Я встаю с пола, где присел было у ее ног, и пересаживаюсь на стул.
— Ты, — говорит Танди, — мужчина-кремень, Говард, голубчик, мне с тобой не справиться.
А сама хихикает.
Ладно, иногда приходится и проигрывать. Приканчиваю я выпивку и думаю: вот покручусь еще тут минут пять, чтобы знала, кто из нас главный, а там сяду на жучишку, да и домой. Честно говоря, сонный я был какой-то. Денек выдался тяжелый — несколько часов провозился с орхидеями, потом выслушал подряд девять симфоний Бетховена, пока раскладывал пасьянс.
И тут я слышу — звонит гостевой оповещатель. Натурально, пялюсь на Танди.

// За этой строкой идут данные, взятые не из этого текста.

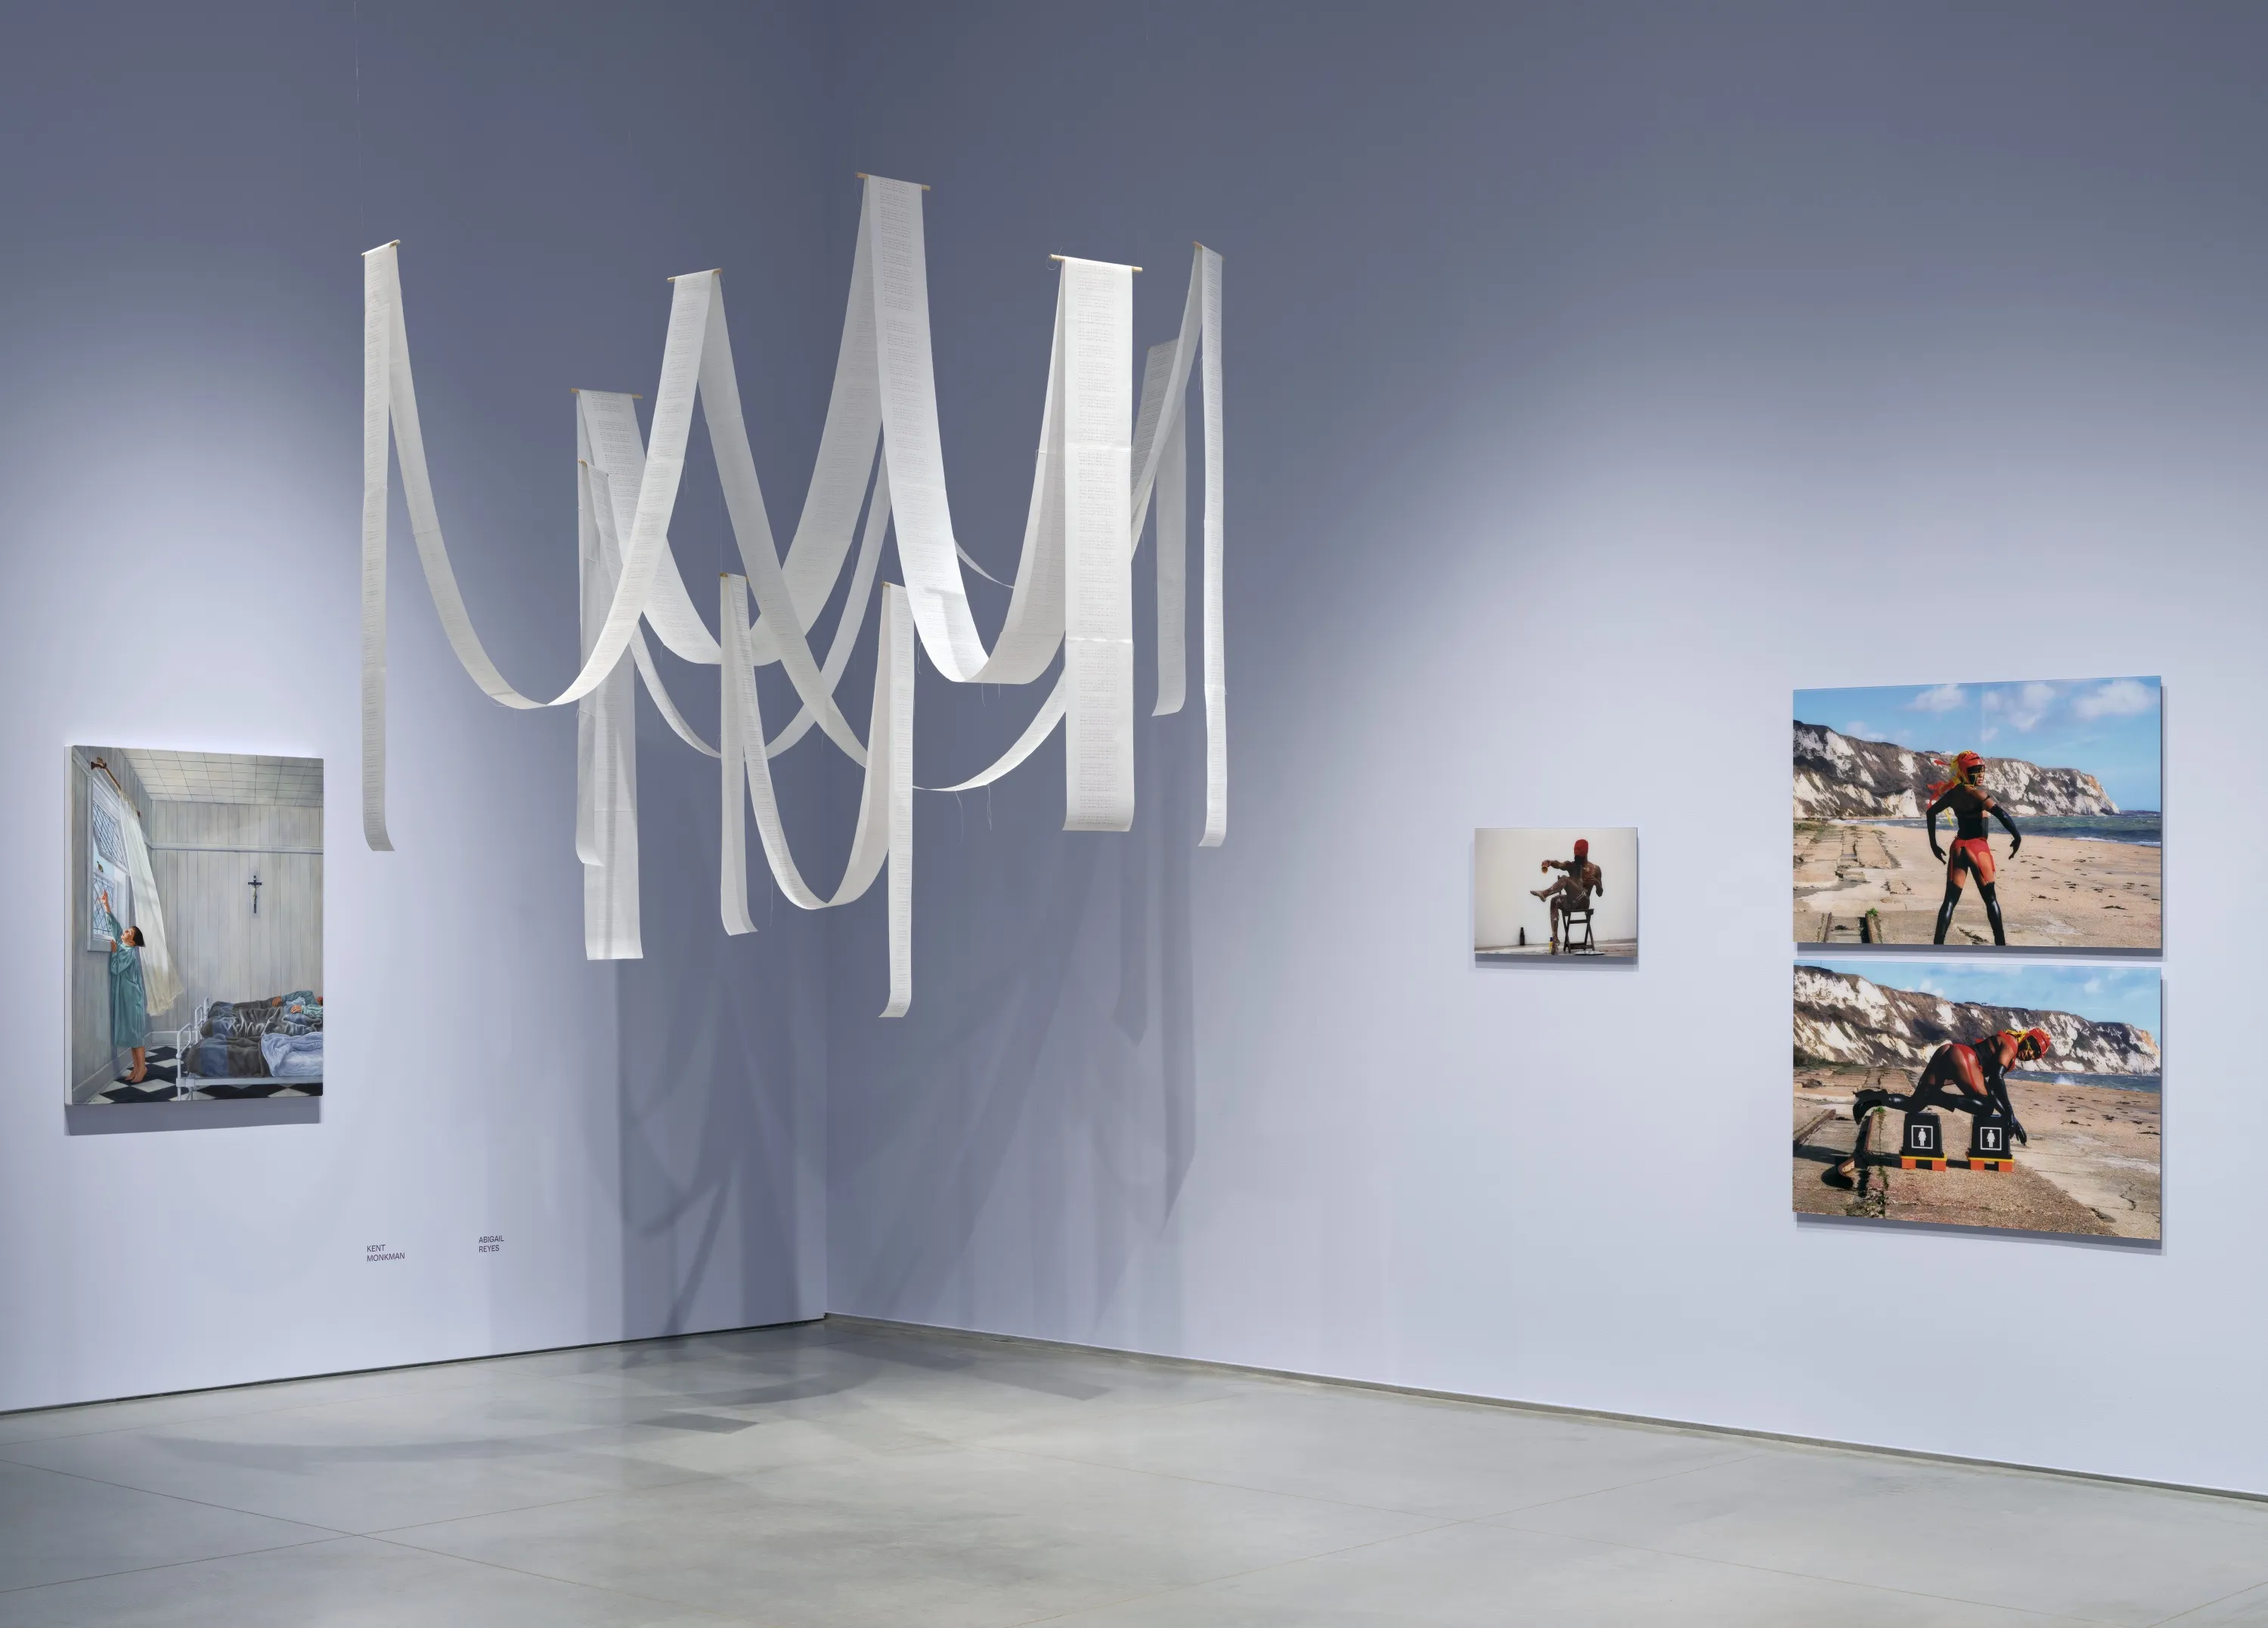 Gallery interior with light lavender walls and a gray floor. An acrylic painting is mounted on the left wall. And an artwork installation of long ribbons of white paper is hanging vertically and in dipped arcs in the middle. And on the right wall, are three photographs mounted on the wall - the photos have a central Black femme person in different poses.

— Господи, — говорит она вроде как с удивлением, — кто бы это мог быть?
— Танди!
— Какая-нибудь зануда, не иначе, — дергает она плечиком. — Не стану и открывать. А теперь, будь такой добренький, двигай…
— Танди! Как ты могла?! — Мысли обгоняют друг друга, но все финишируют у одного вывода. — Танди! Неужели ты пригласила на этот вечер Иттеля дю Буа?! Не отпирайся!
— Говард, ты несешь бог знает что! Иттель же был в
— Говори правду!
— Да нет же! — Она злится. Видно, мои обвинения не доставляют ей никакого удовольствия.
— Тогда это Джеффри! Я не потерплю этого! Жеребьевка была честной, и я выиграл без обмана. Неужто ты не могла потерпеть хоть до конца года? Это бесстыдство! И я…
Тут она встает, и ее синие глаза полыхают:
— Говард Мак-Гиннес, лучше бы вам покинуть мой дом, пока вы не сказали чего-нибудь такого, что я уже не смогу забыть!
А я стою на своем:
— Тогда кто это?
— Ну, так твою… — говорит она и со всего размаха дает левой ногой пинка цветочному горшку. — Иди к дверям и сам посмотри.
Так я и сделал.
Ну, жучишку Иттеля дю Буа я хорошо знаю — это «бьюик», да и жучишка Джеффа мне известен. Это были не они. Больше того, машина у двери Танди, припаркованная рядом с моей, была вообще ни на что не похожа. Начать с того, что длиной она была меньше восьми футов.
Несколько спаренных инфракрасных ламп окатывали ее волнами тепла; лепешки слежавшегося снега, оставшиеся на закраинах корпуса, на протекторах и прочем, отваливались, таяли, превращались в воду, стекая в дренажную решетку. Знаете, как трещит и ухает жучишка в процессе согревания? Все ведь они одинаковы…
Кроме этого.
Ни единого звука. Было так тихо, что я мог различить еле слышный писк Тандиного автоматического регулятора напряжения, включившего еще один теплосос, чтобы скомпенсировать потребление энергии инфракрасными лампами. А жучишка — ни звука. Кроме того, у него не было гусениц! А еще у него, верьте или не верьте, были окна!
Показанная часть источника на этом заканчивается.